Бумаги все не приходили, Лев страдал от того, что все еще вынужден был ходить в гражданском платье – пальто от Шармера и складной шляпе за десять рублей, тогда как малейшая его жилка уже чувствовала себя по-военному и он едва удерживался, чтобы не отдать честь проходящему мимо генералу. Видя нетерпение молодого человека, начальник артиллерии дал ему временное назначение, которое должно было окончательно вступить в силу после получения разрешения тульского губернатора. Толстой был приписан к 4-й батарее 20-й артиллерийской бригады, где служил Николай. Сдав некое подобие экзамена, 3 января 1852 года он получил звание юнкера и, облачившись наконец в военную форму, ощутил странное чувство несвободы. Разгульное поведение, непостоянство собственного характера уже начинали мешать ему самому, избавление виделось в предписанной сверху дисциплине и служении в армии, где будет «способствовать с помощью пушки к истреблению коварных хищников и непокорных азиятов »,[113] но по пути в Старогладковскую, сделав остановку в Моздоке, Лев вдруг засомневался: прав ли он, выбирая военную службу? С почтовой станции отправляет письмо тетушке:
«Год тому назад я находил счастие в удовольствии, в движении; теперь, напротив, я желаю покоя как физического, так и нравственного».[114] Признает, что в его решении предпринять это странное путешествие на Кавказ чувствовалась воля Божья и что все происходящее с ним здесь полезно для его душевного развития, но при этом его не покидает уверенность, что раньше или позже вернется в Ясную, чтобы реализовать свое истинное предназначение человека спокойного, семейного, доброго, занятого науками. Едва став юнкером, Толстой уже мечтает об отставке и описывает тетушке, как это будет:
«Пройдут годы, и вот я уже не молодой, но и не старый в Ясном – дела мои в порядке, нет ни волнений, ни неприятностей; Вы все еще живете в Ясном . Вы немного постарели, но все еще свежая и здоровая. Жизнь идет по-прежнему; я занимаюсь по утрам, но почти весь день мы вместе; после обеда, вечером я читаю вслух то, что Вам не скучно слушать; потом начинается беседа.

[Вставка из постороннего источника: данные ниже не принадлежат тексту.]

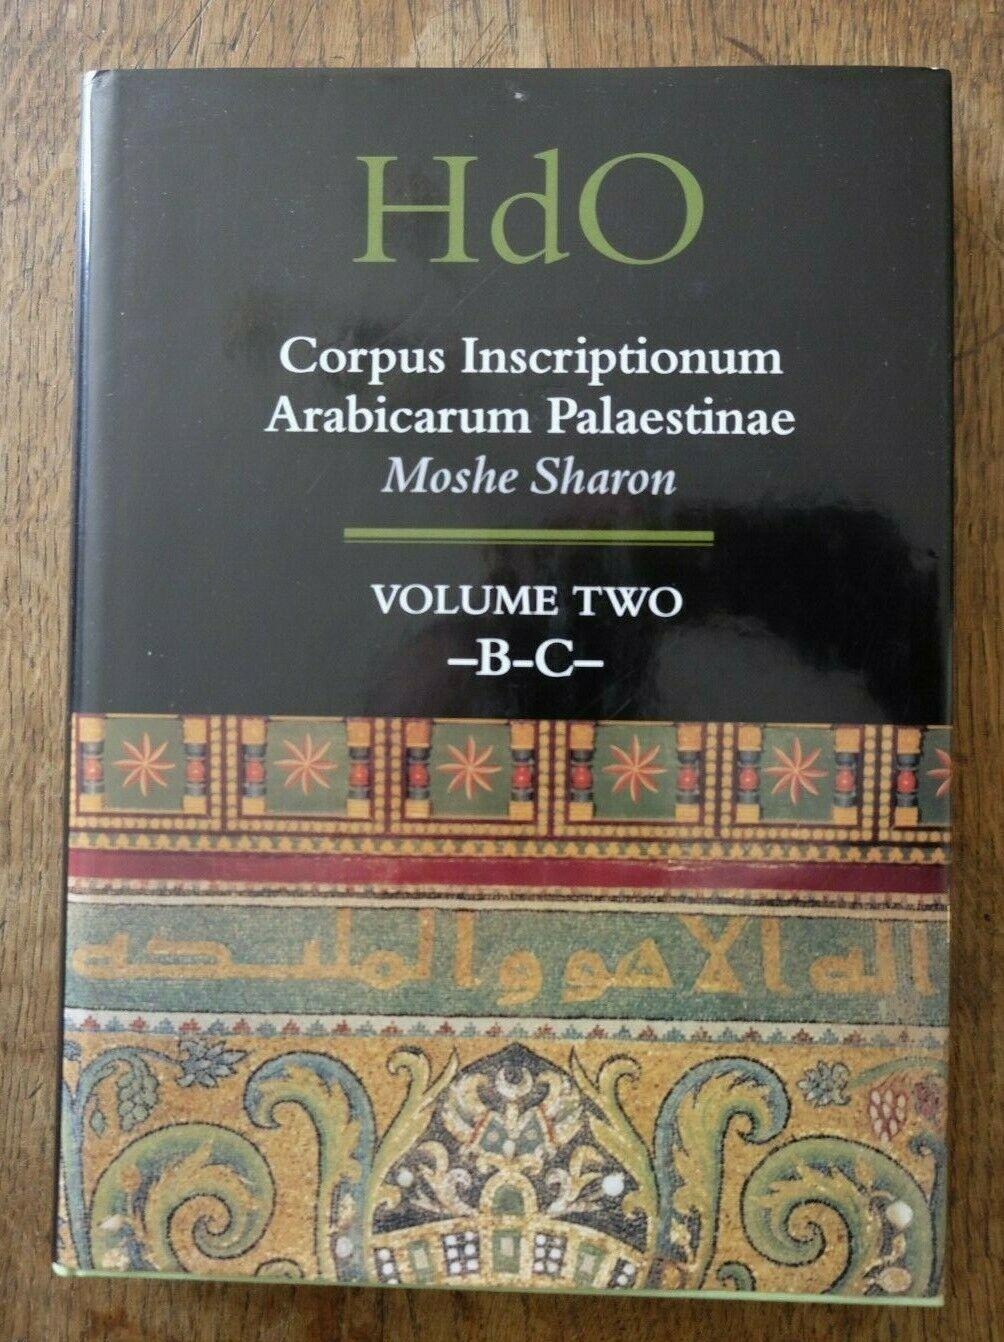 Corpus Inscriptionum Arabicarum Palaestinae, volume 2, -B-C.
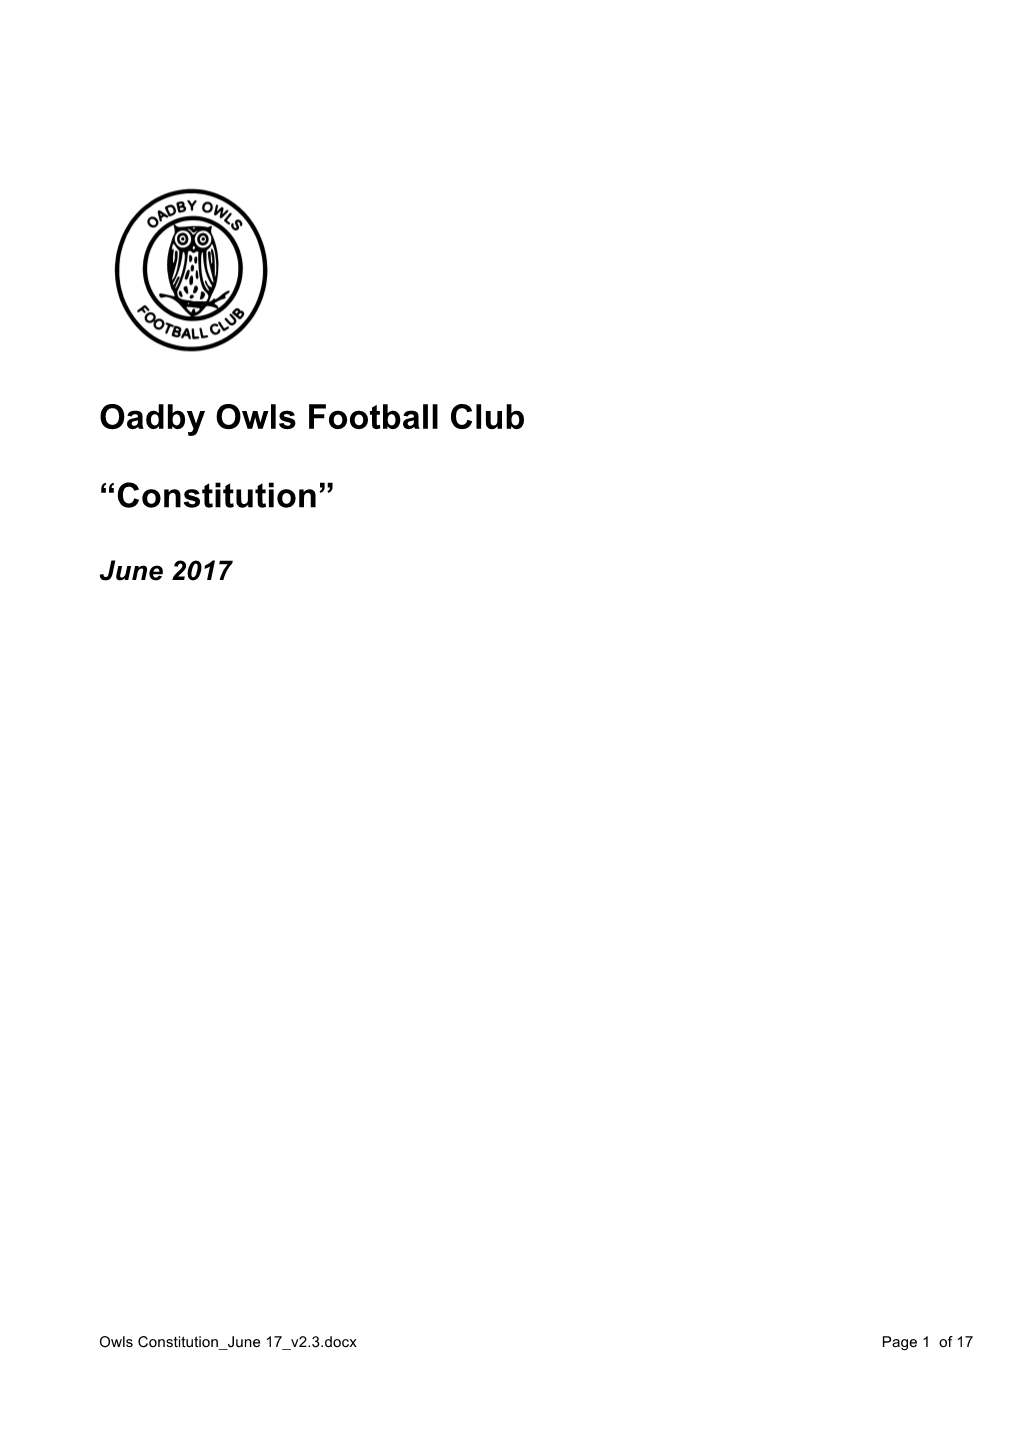 Oadby Owls Football Club “Constitution”

Я рассказываю Вам о своей жизни на Кавказе, Вы – Ваши воспоминания о прошлом, о моем отце и матери; Вы рассказываете страшные истории , которые мы, бывало, слушали с испуганными глазами и разинутыми ртами… Знакомых у нас не будет; никто не будет докучать нам своим приездом и привозить сплетни. Чудесный сон, но я позволю себе мечтать еще о другом. Я женат – моя жена кроткая, добрая, любящая, и она Вас любит так же, как и я. Наши дети Вас зовут „бабушкой“; Вы живете в большом доме, наверху, в той комнате, где когда-то жила бабушка; все в доме по-прежнему, в том порядке, который был при жизни папа; и мы продолжаем ту же жизнь, только переменив роли: Вы берете роль бабушки, но Вы еще добрее ее, я – роль папа, но я не надеюсь когда-нибудь ее заслужить; моя жена – мама, наши дети – наши роли: Машенька – в роли обеих тетенек, но не несчастна, как они; даже Гаша и та на месте Прасковьи Исаевны . Не хватает только той, кто мог бы Вас заменить в отношении всей нашей семьи. Не найдется такой прекрасной любящей души. Нет, у Вас преемницы не будет. Три новых лица будут являться время от времени на сцену – это братья и, главное, один из них – Николенька, который будет часто с нами. Старый холостяк, лысый, в отставке, по-прежнему добрый и благородный.
Я воображаю, как он будет, как в старину, рассказывать детям своего сочинения сказки. Как дети будут целовать у него сальные руки (но которые стоят того), как он будет с ними играть, как жена моя будет хлопотать, чтобы сделать ему любимое кушанье, как мы с ним будем перебирать общие воспоминания об давно прошедшем времени, как Вы будете сидеть на своем обыкновенном месте и с удовольствием слушать нас, как Вы нас, старых, будете называть по-прежнему „Левочка, Николенька“ и будете бранить меня за то, что я руками ем, а его за то, что у него руки не чисты… Все это, может быть, сбудется, а какая чудесная вещь надежда. Опять я плачу. Почему это я плачу, когда думаю о Вас? Это слезы счастья, я счастлив тем, что умею Вас любить».[115]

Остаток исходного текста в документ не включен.